Problem details :: Reproduce each line below precisely. Drop the pictures.

BEGIN Raw data

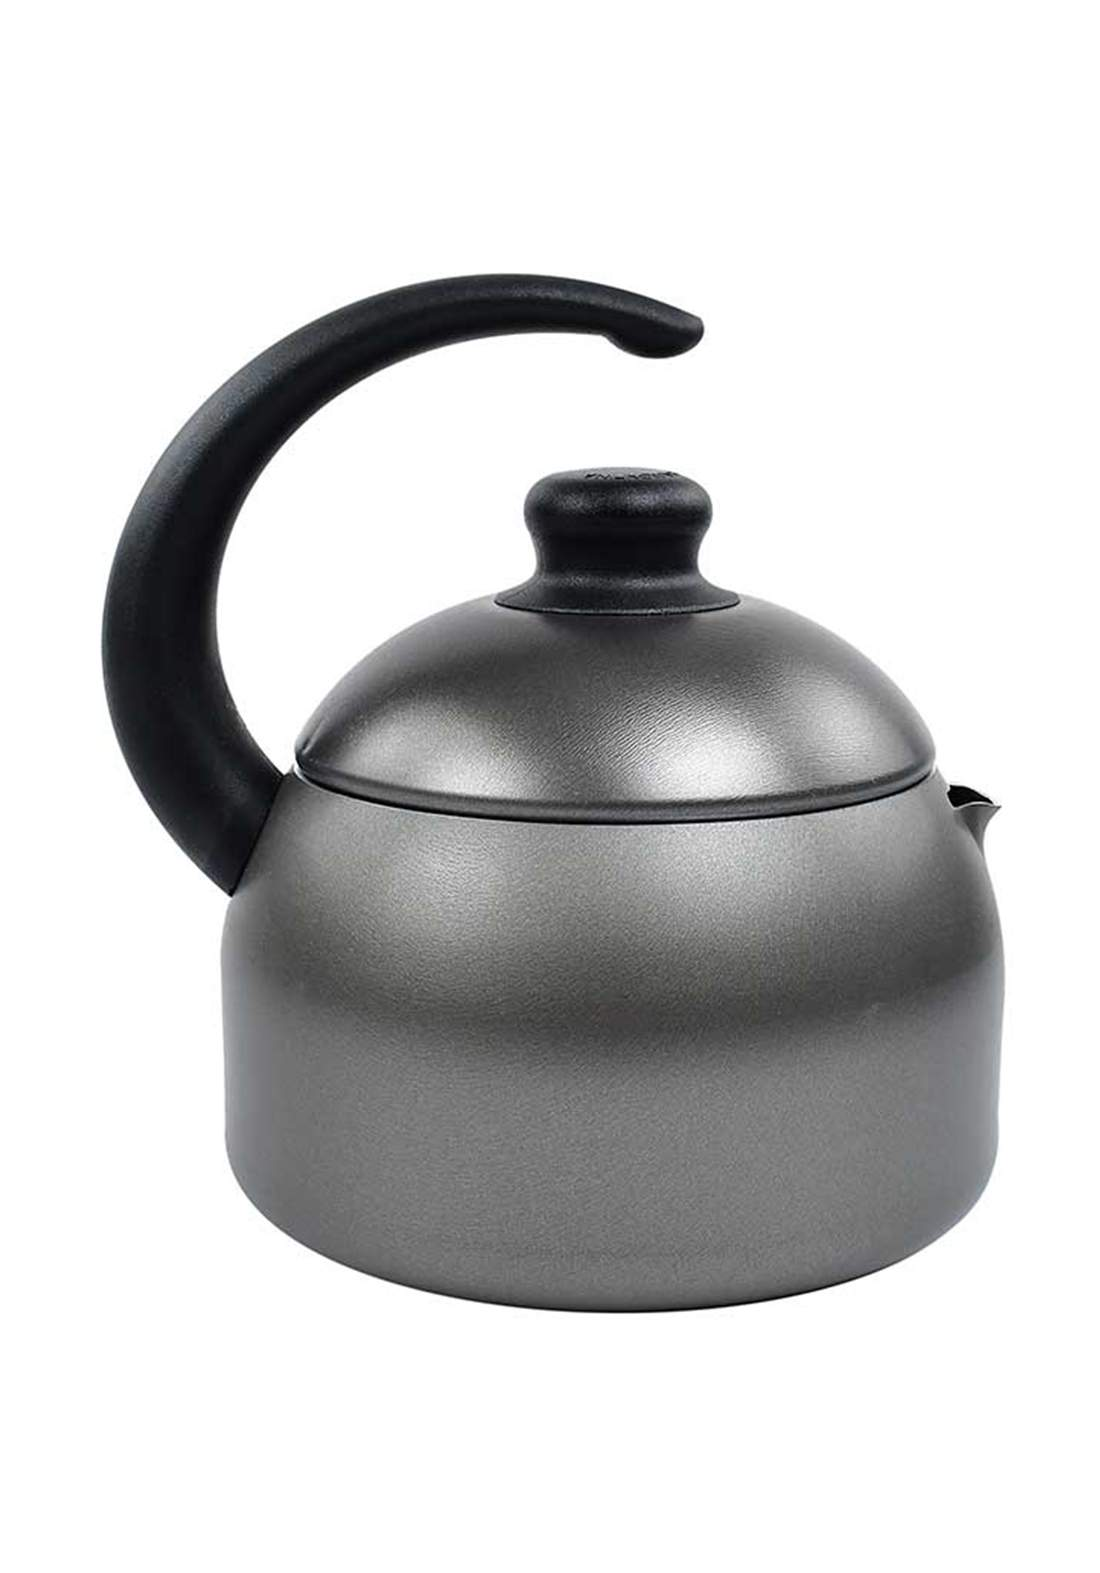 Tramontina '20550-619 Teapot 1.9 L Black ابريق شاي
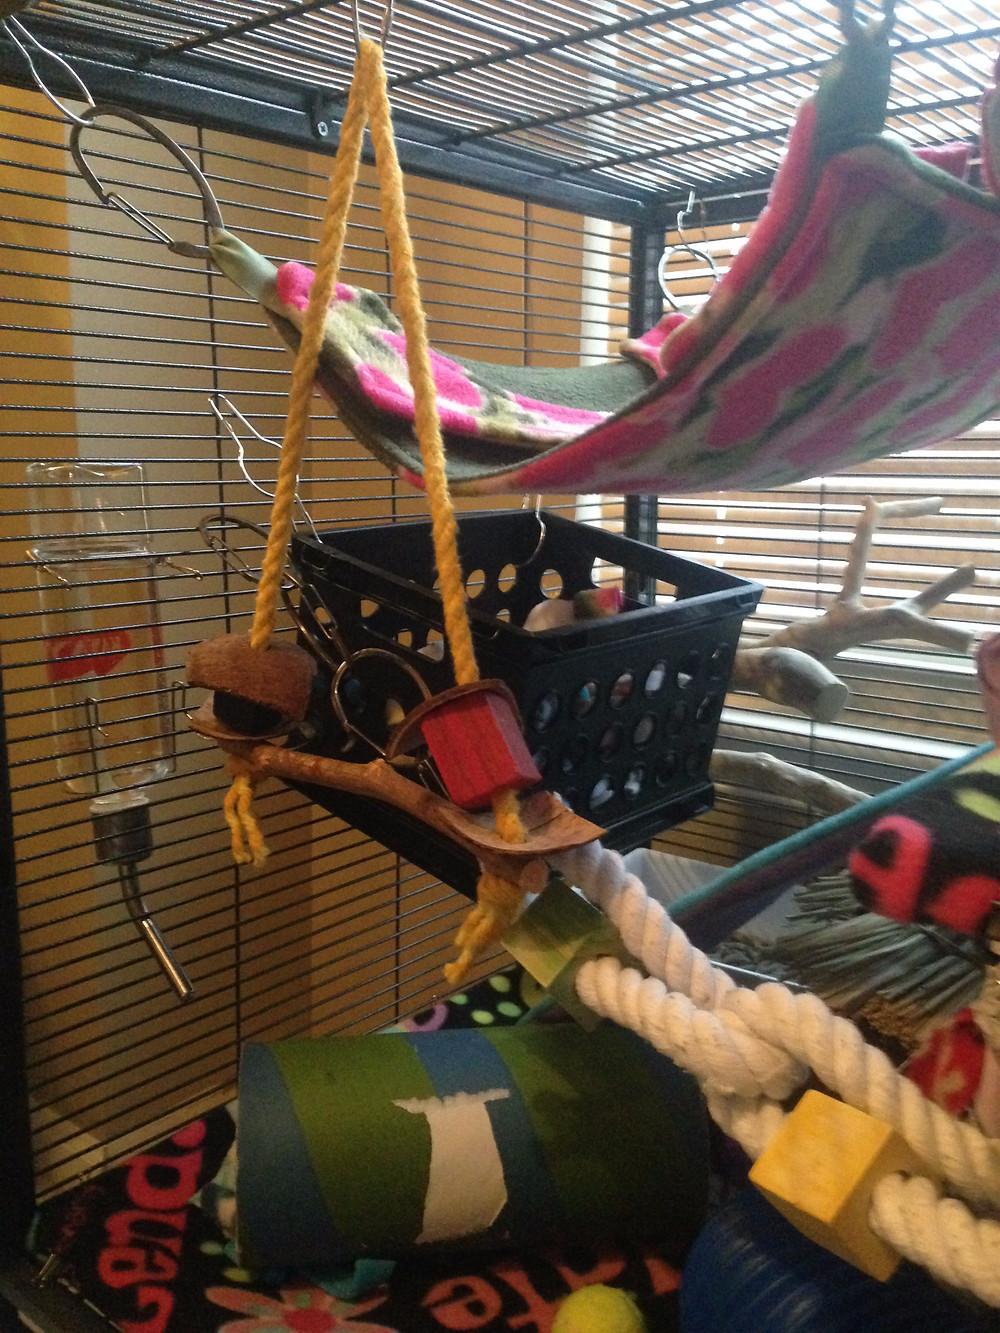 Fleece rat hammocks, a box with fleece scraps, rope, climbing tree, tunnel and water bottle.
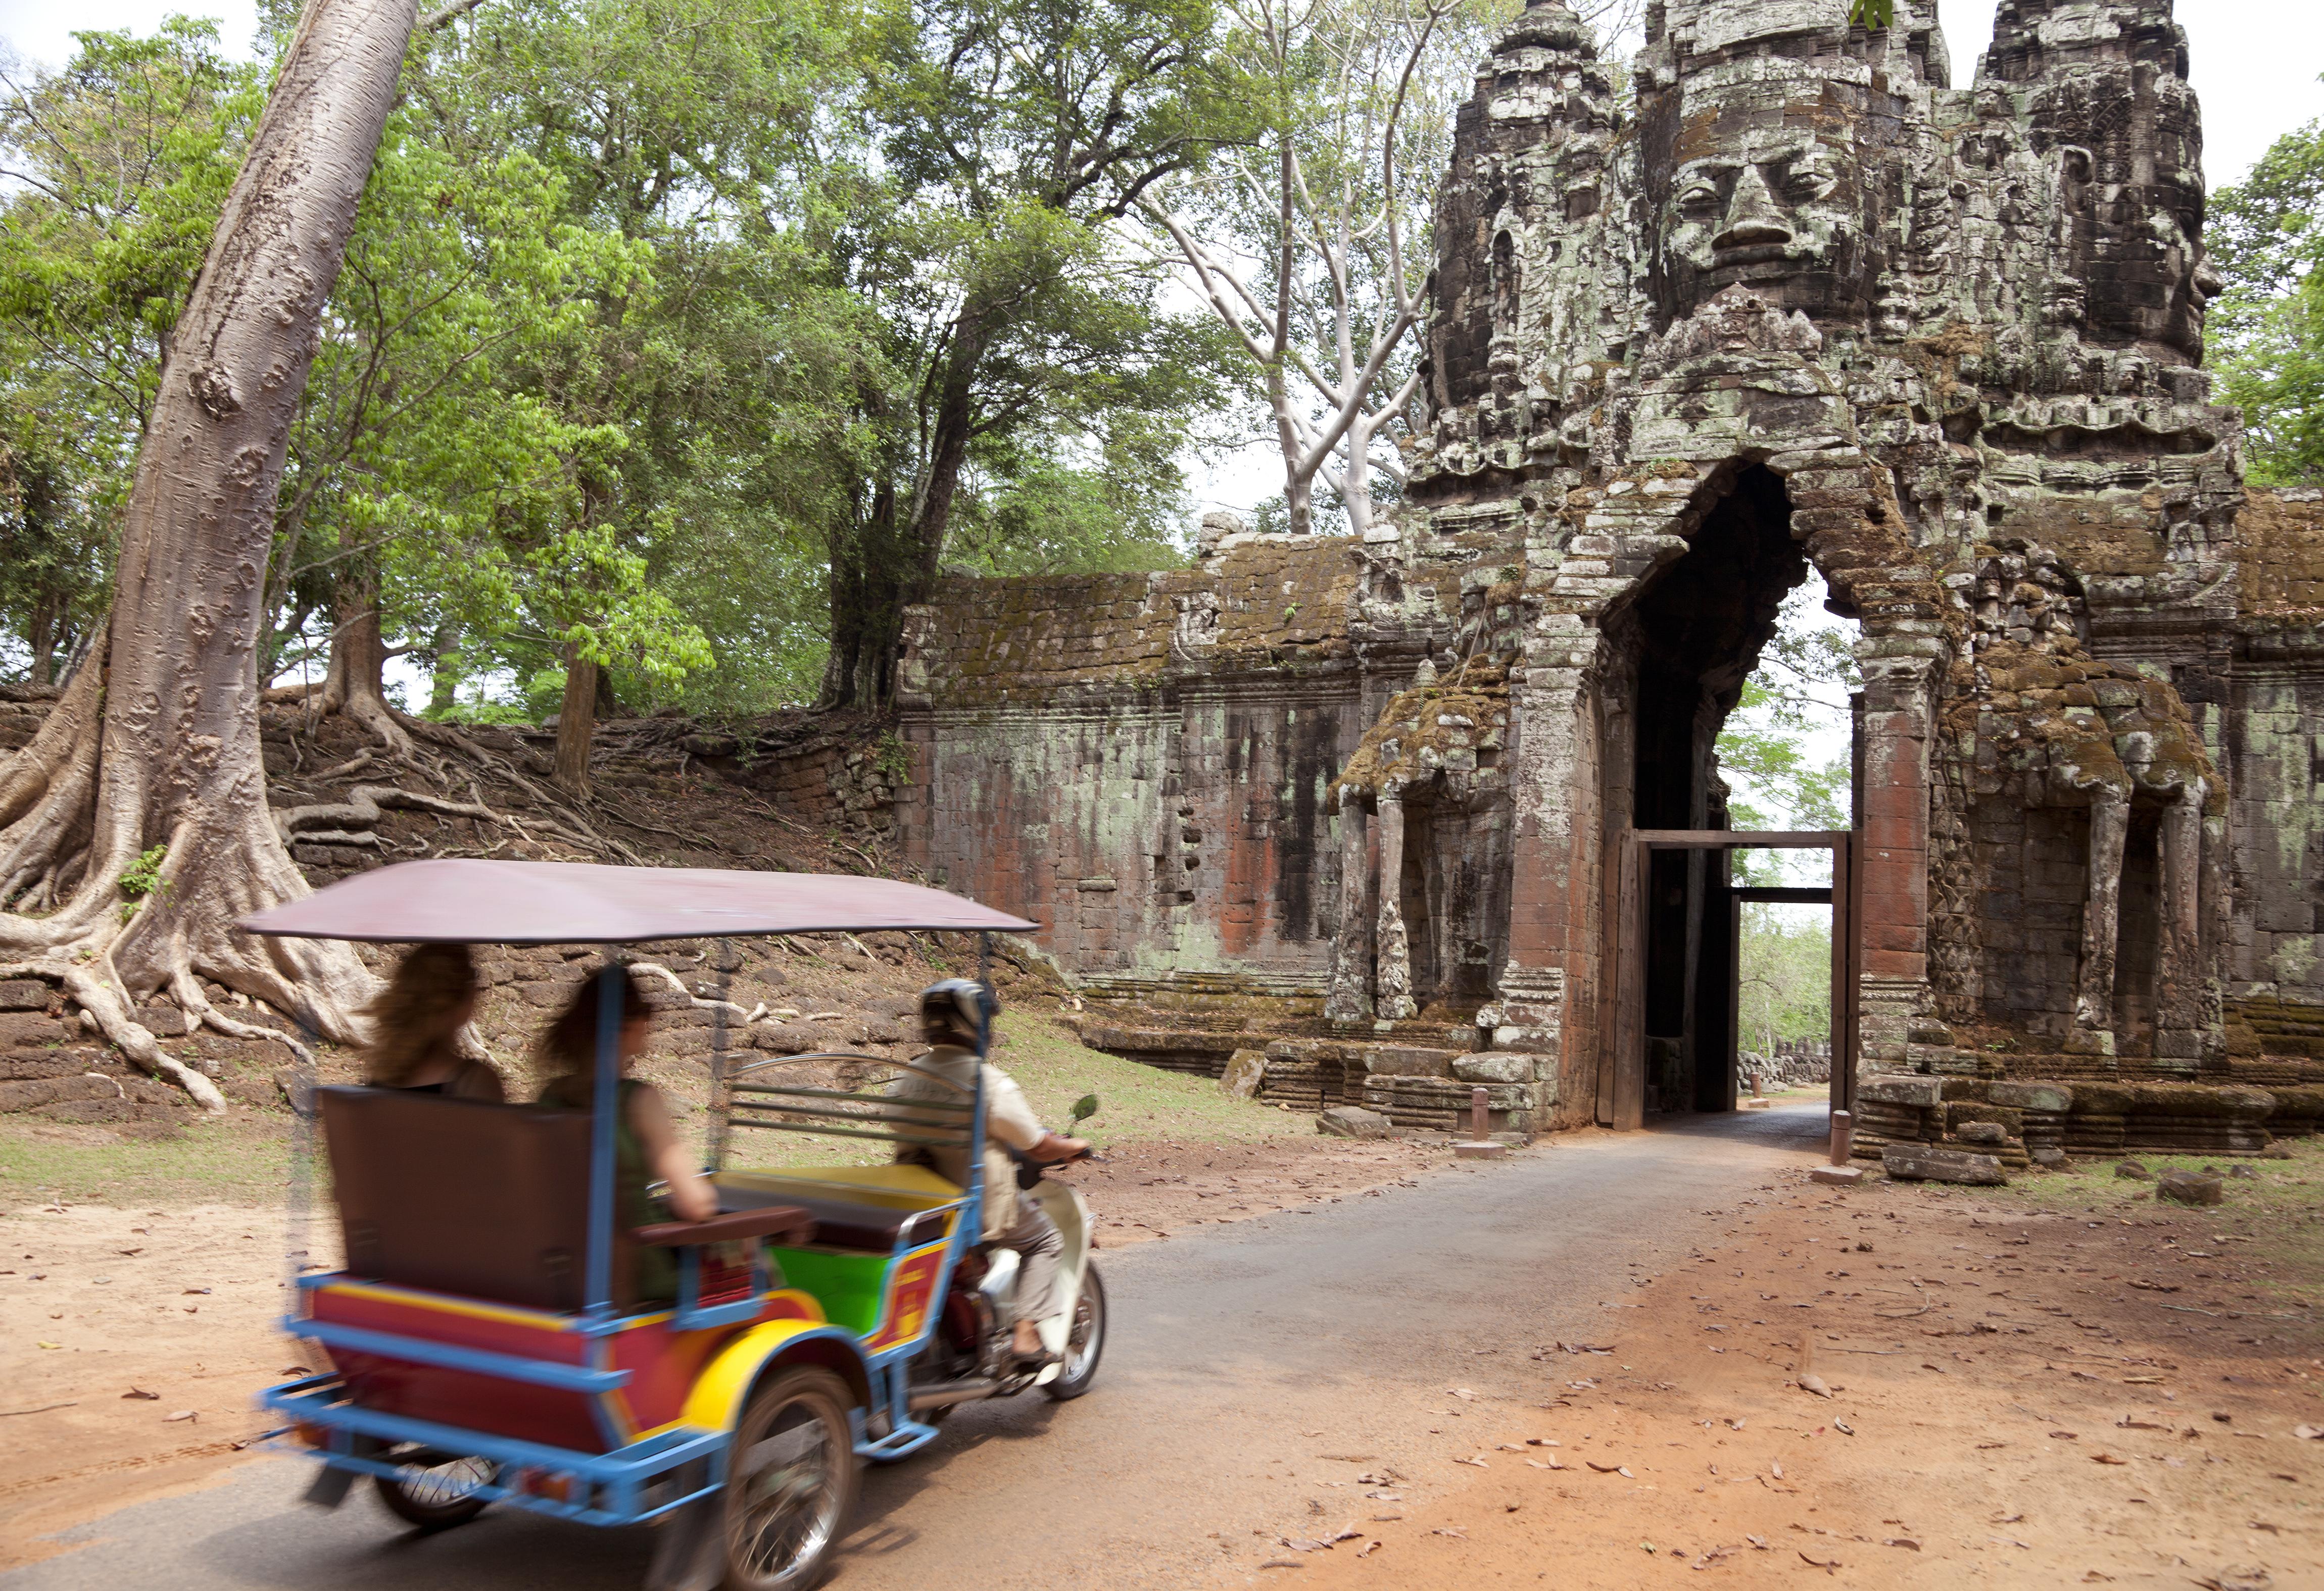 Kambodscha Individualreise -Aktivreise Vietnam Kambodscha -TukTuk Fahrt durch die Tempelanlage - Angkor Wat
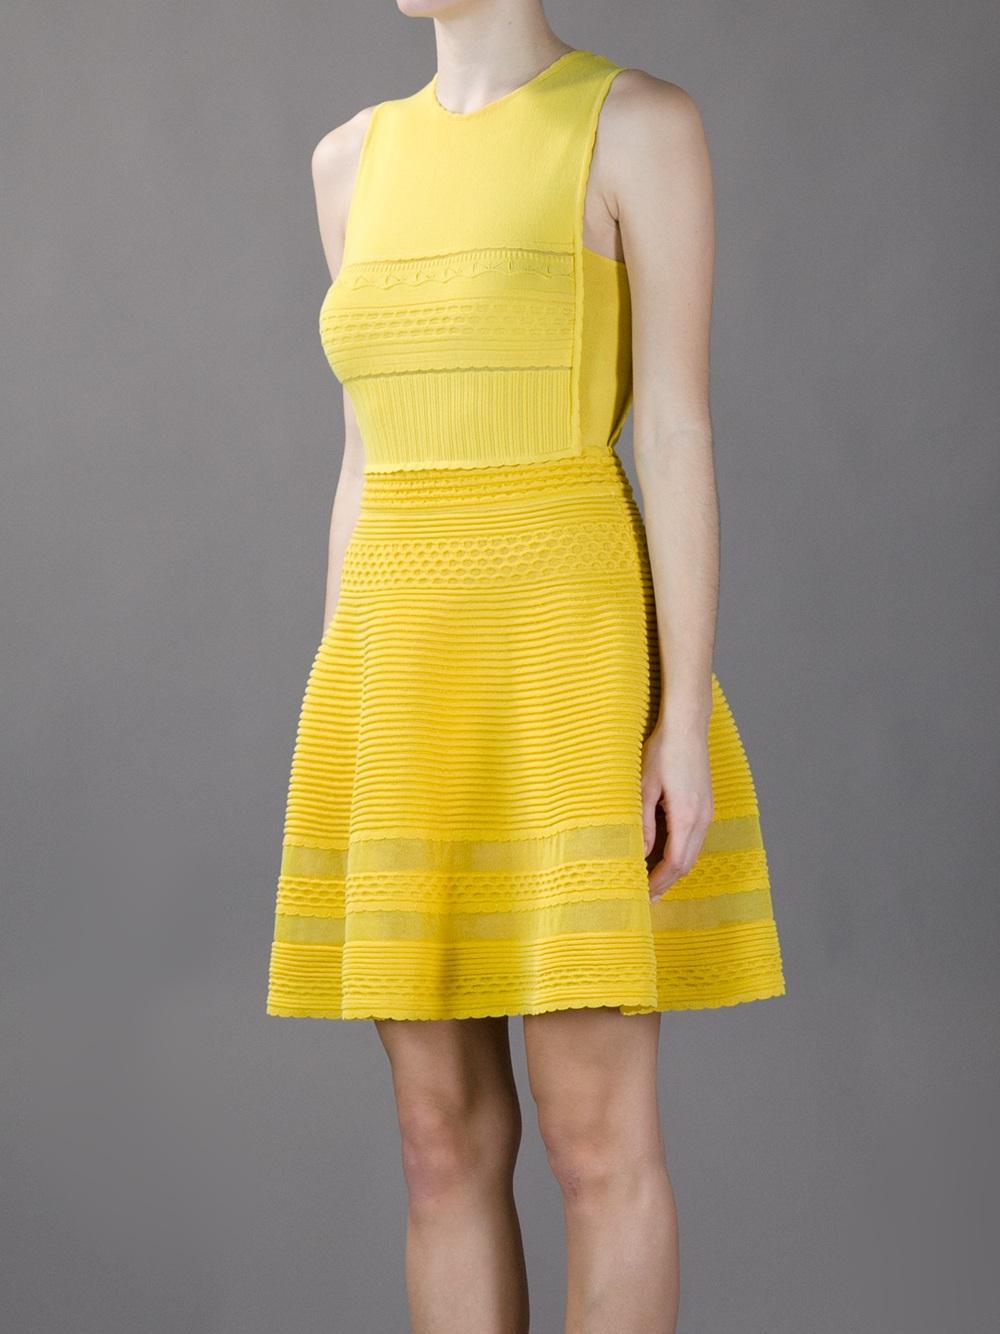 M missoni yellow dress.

END Raw data

Answer area ::
 Tramontina '20550-619 Teapot 1.9 L Black ابريق شاي
 Fleece rat hammocks, a box with fleece scraps, rope, climbing tree, tunnel and water bottle.
 Kambodscha Individualreise -Aktivreise Vietnam Kambodscha -TukTuk Fahrt durch die Tempelanlage - Angkor Wat
 M missoni yellow dress.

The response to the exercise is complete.